I have also been trying to understand why I feel so disconnected from my birth mother. Is it that I just never envisioned a relationship with her? I always wanted to know my birth mother but my fantasy never extended beyond that. Was it that she was prepared to keep me a secret until I sought her out causing her to choose again? Does the disconnect come from the lies she told me about my father to cover up her embarrassment? Or maybe simply, the disconnection is a product of my inability to attach easily to people. I hate that I feel like I am judging her when I know what it feels like to be a birth mother. Some people you meet have an energy in their spirit that if attached to mine I instantly feel the drag on my energy. Unfortunately, that is how I feel about her. It makes me uncomfortable and I wonder if I am uncomfortable with the woman who carried me for nine months and birthed me, who can I feel comfortable with.

 

I will end this blog with the highlight of my month so far. Mother's Day weekend! I had the opportunity to spend time with my youngest son in California. We spent the weekend touring the UCLA campus and having good mother/son conversations. He took me to dinner and broke out his wallet and advised me I could order whatever I wanted. With him living with his father in San Diego, this was the first Mother's Day weekend we shared in a while.

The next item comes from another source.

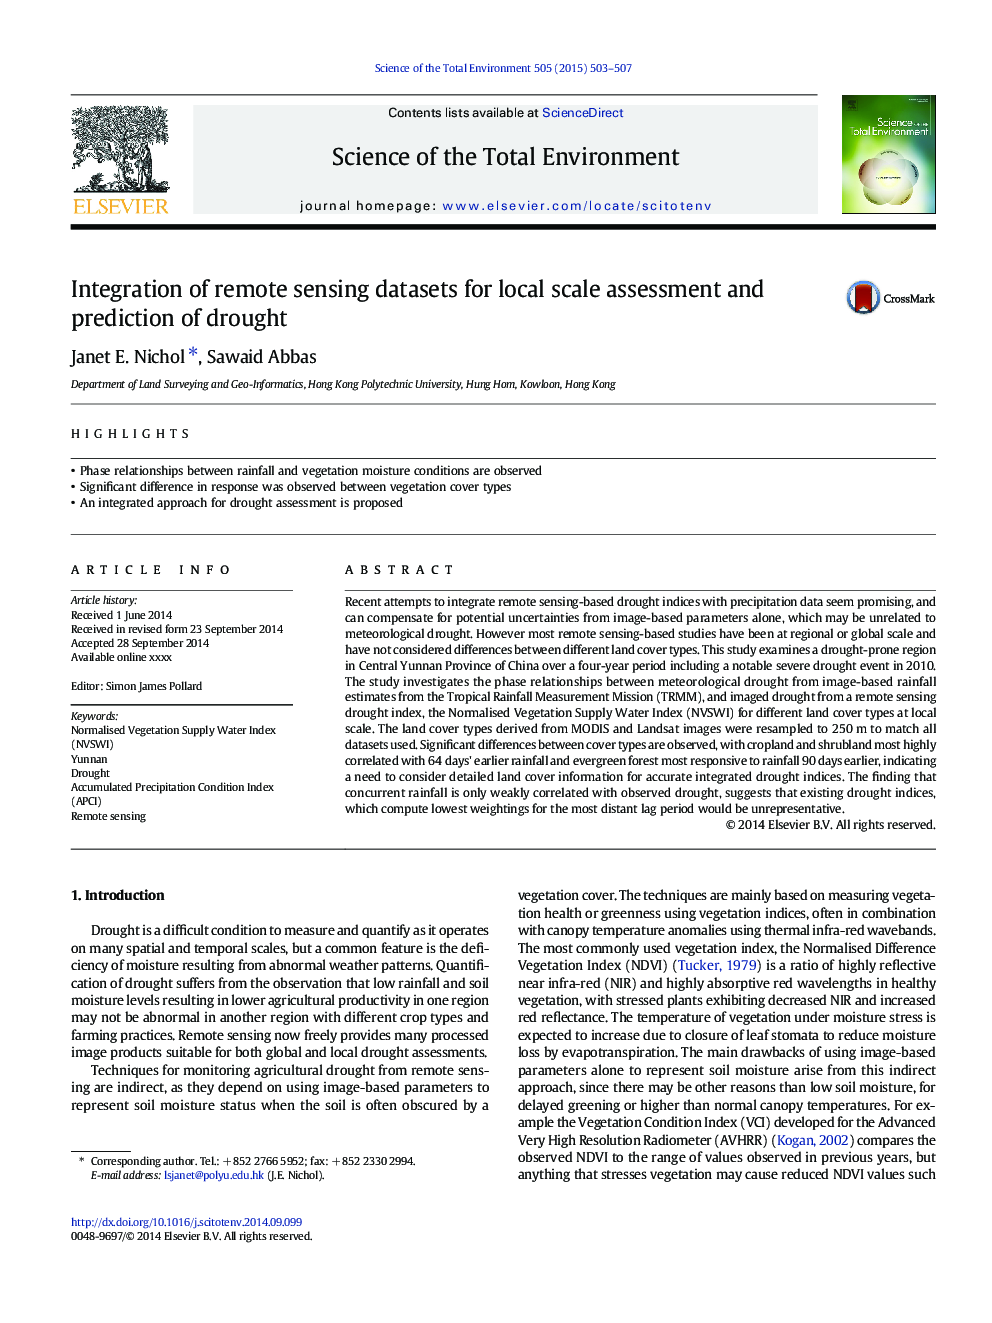 Integration of remote sensing datasets for local scale assessment and prediction of drought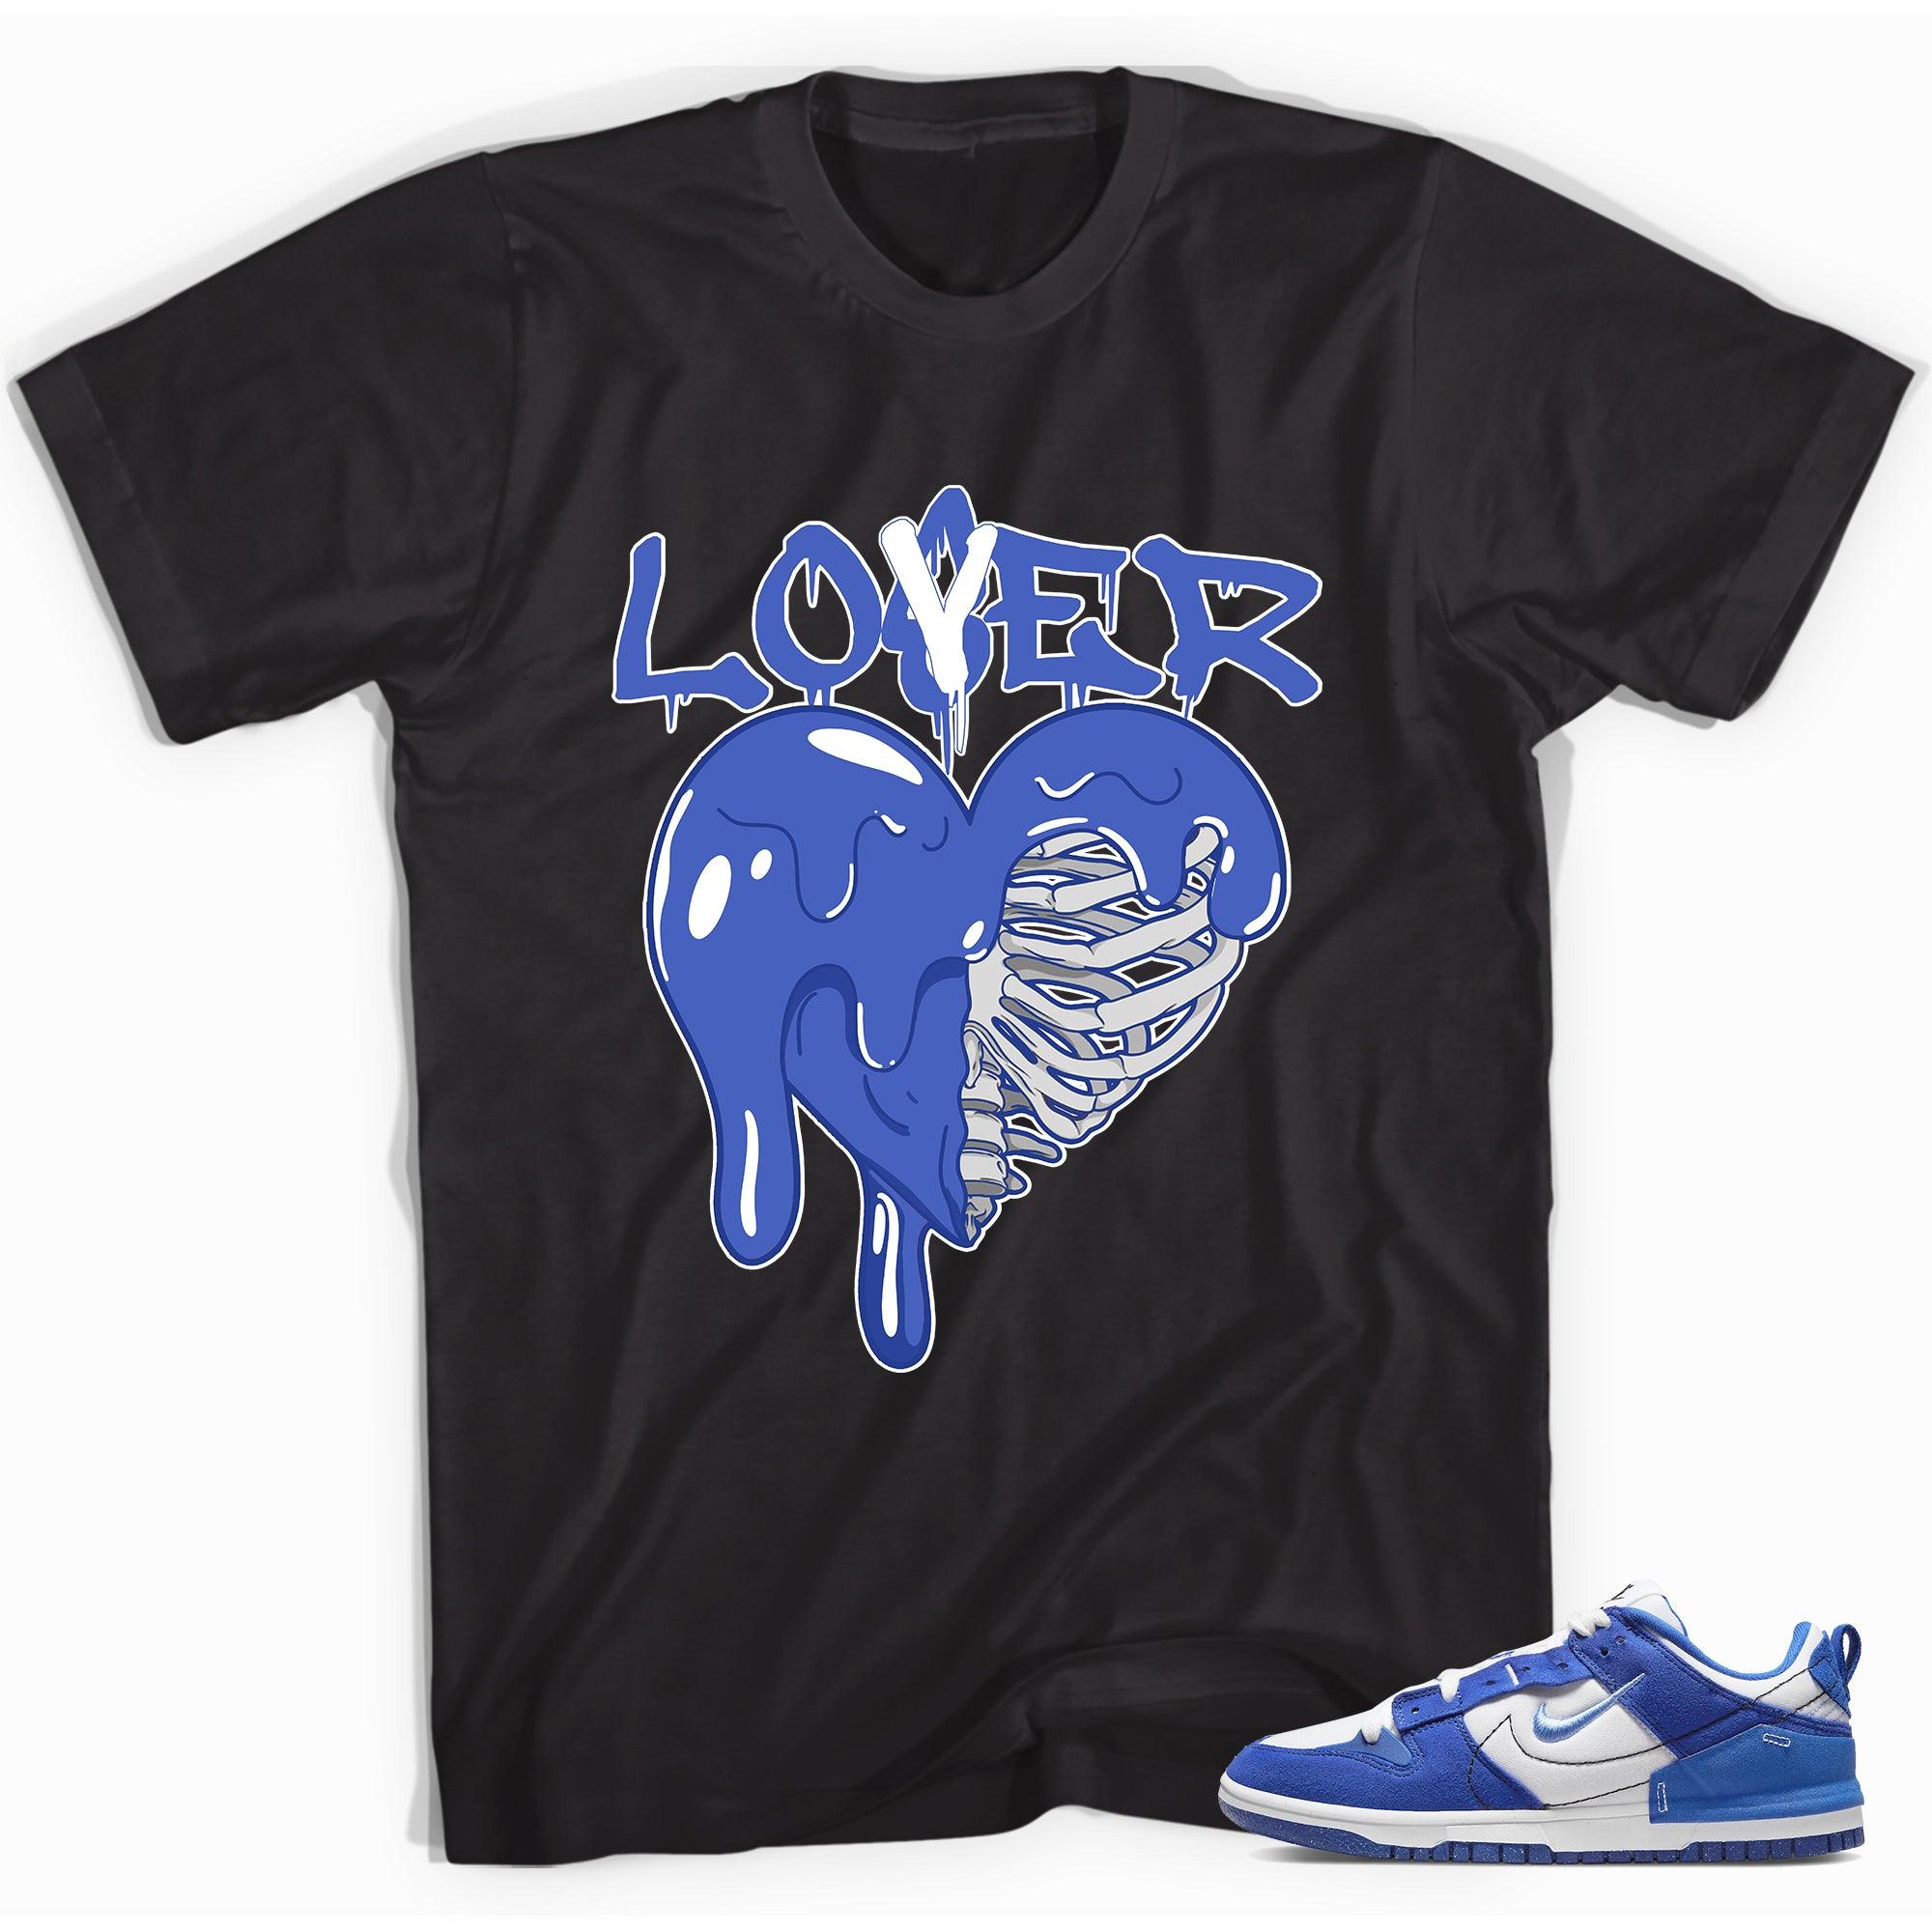 Cool Black graphic tee with “ Lover Loser ” print, that perfectly matches Nike Dunk Disrupt 2 Hyper Royal sneakers

On Mother's Day as soon as my plane landed, my daughter informed me that I would have 20 minutes once she picked me up and we arrived home to change and be ready for dinner. I was tired and would have been happy with getting some food to go but she was committed to taking me out. As we waited in line at the restaurant debating if we wanted to wait an hour for a table, M, walked in surprising me. I did not know my oldest son was in town.

Needless to say standing there in that moment with my oldest son, and my daughter, after spending the previous days with my youngest son was the absolute best gift I could ask for.

Late May Update- The time has come for the sand holder to be dumped, the residue, the vows, the memories released, from a relationship that could not flourish under the weight of me uncovering pieces of who I am.